Antibacterial Soaps May Carry Unnecessary Risks says FDA

The FDA is challenging manufacturers of antibacterial soaps to prove that their products do more good than harm.  ”Long-term exposure to…[active ingredients] triclosan (liquid soaps) and triclocarban (bar soaps) could pose health risks, such as bacterial resistance or hormonal effects,” according to a statement by the Food and Drug Administration (FDA) this week. Additionally, the agency says that there is no evidence that these soaps are more effective at preventing illness than washing with plain soap and water.

The FDA proposed a rule that requires companies to do one of three things:

  1. Provide data to support an antibacterial claim; or
  2. Remove the antibacterial active ingredients (triclosan or triclocarban); or
  3. Remove the antibacterial claim from the product’s label

The proposed rule also changes how the agency will evaluate an antibacterials soap to directly test its effectiveness on infection rates and require proof of a clinical benefit over washing with non-antibacterial soap.

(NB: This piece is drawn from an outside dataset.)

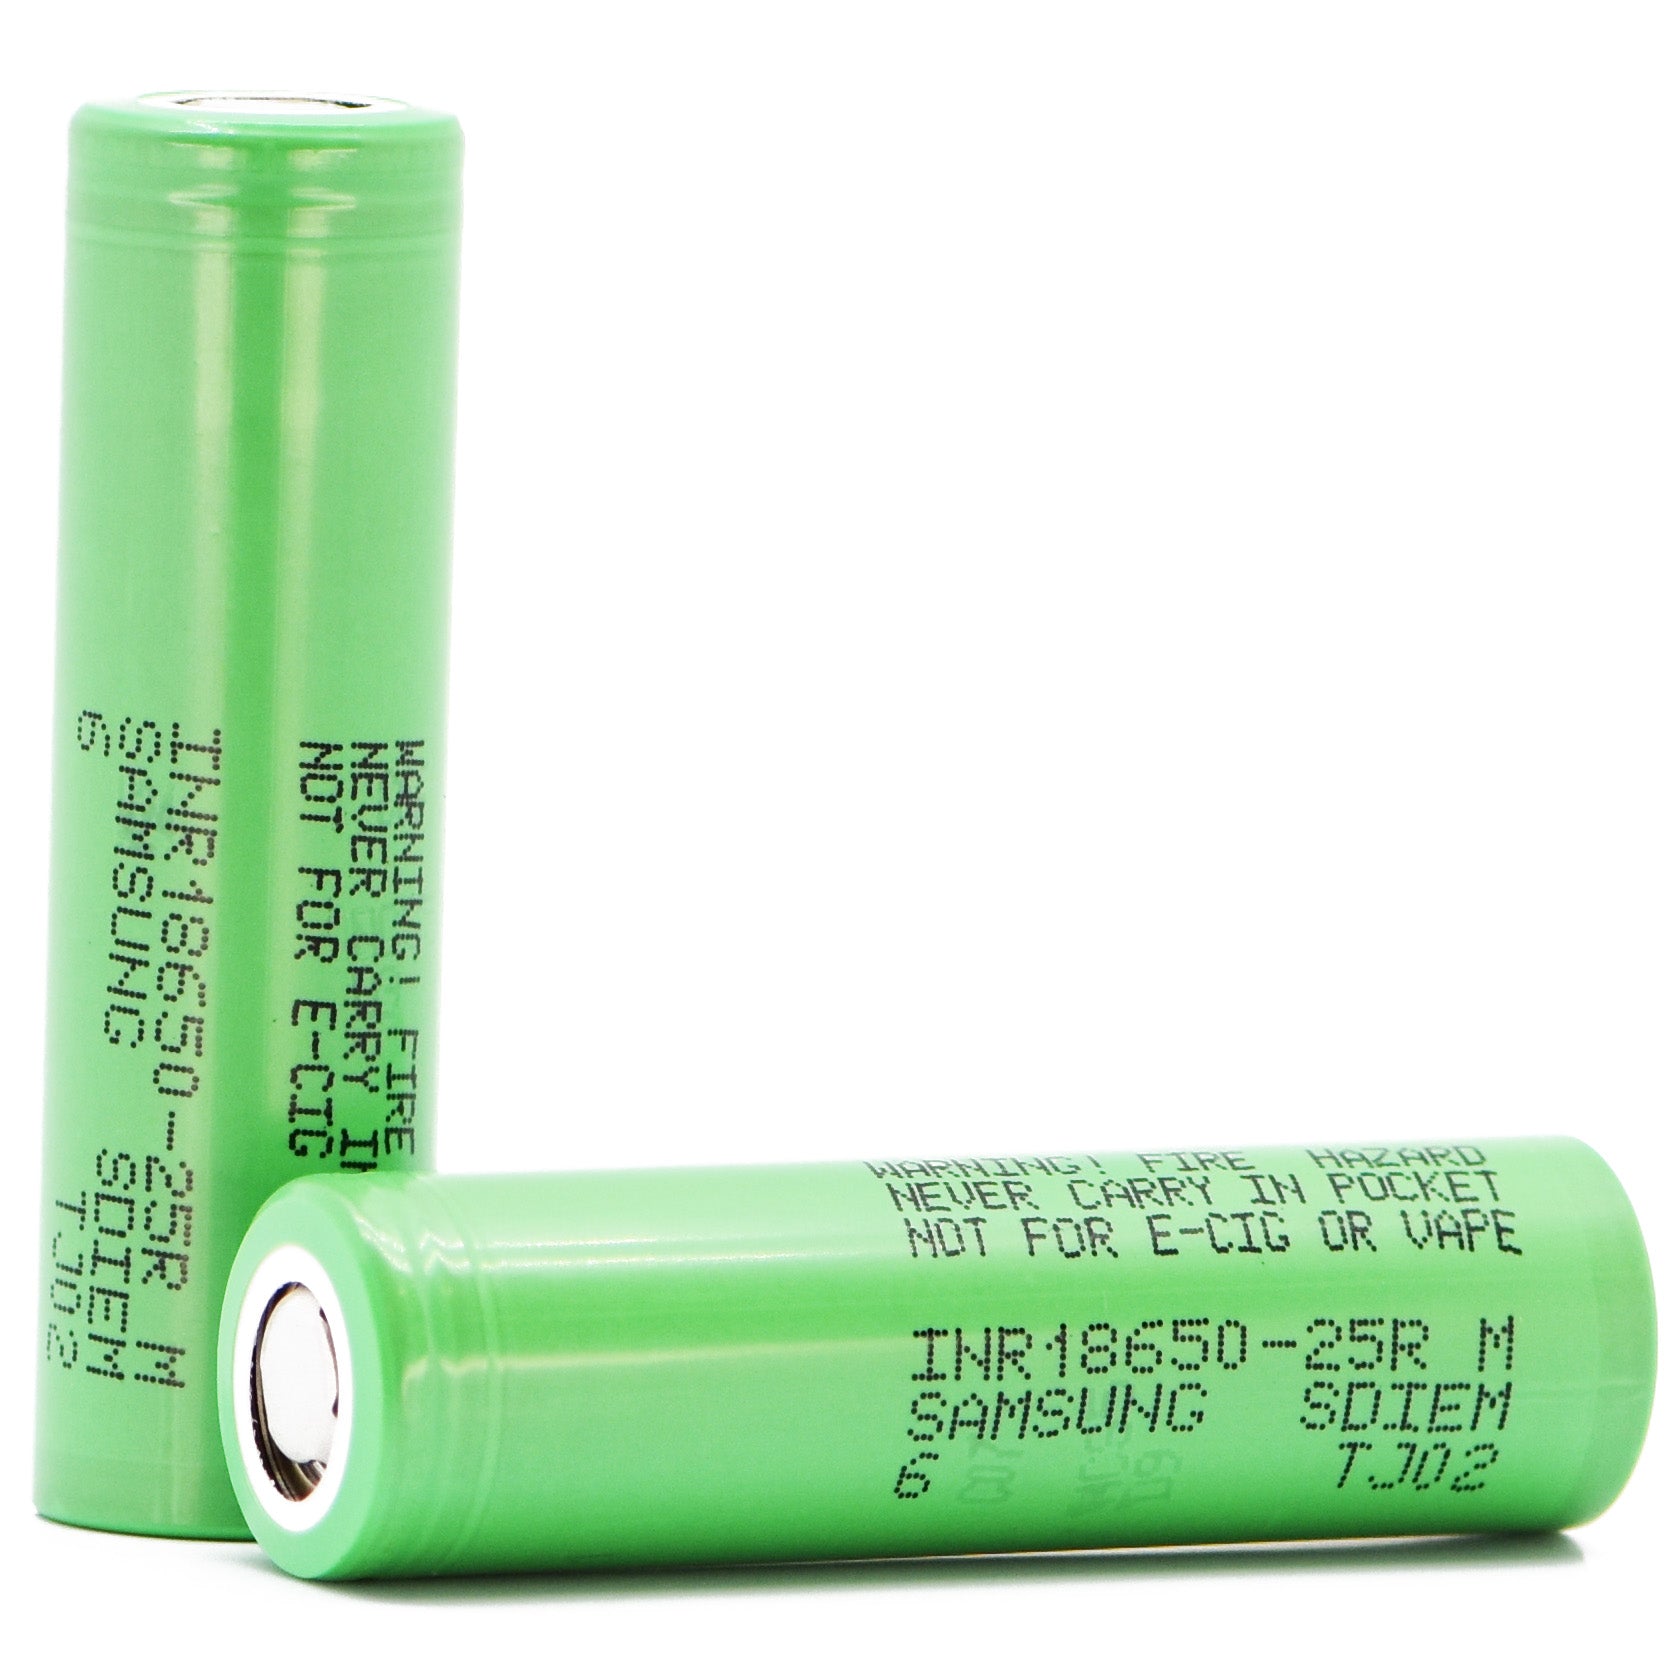 18650 Batteries for Sale - 3.7V Li-Ion Rechargeable Cells

The FDA says that new research, coupled with the wide-spread daily use of these potentially harmful products prompted the agency to take action.

The new rule is welcomed by many health advocates that have been warning about the dangers of triclosan and triclocarban for years. LocalMotionGreen at Ecology Center first reported on the concerns regarding the safety and effectiveness of the active ingredients in antibacterial soaps over six years ago.

The 2007 article, Soapy Solutions to Antibacterials reminds us that plain soap and water work fine and to rub hands together under running water.  As well, the FDA emphasizes that, “hand washing is one of the most important steps people can take to avoid getting sick and to prevent spreading germs to others.” Their site links readers to the Centers for Disease Control’s webpage, Handwashing: Clean Hands Save Lives.

The proposed rule applies only to soaps and body washes used with water; not hand sanitizers, wipes, or soaps used in health care settings. The FDA welcomes public comment, the period for which will be open for 180 days.  Companies have one year to submit new data or information.

The FDA, which oversees triclosan as an ingredient in over the counter drugs (such as antibacterial soap), is collaborating with the Environmental Protection Agency, which regulates triclosan as a pesticide. Their joint effort aims to create “government-wide consistency in the regulation of the chemical,” according to the FDA.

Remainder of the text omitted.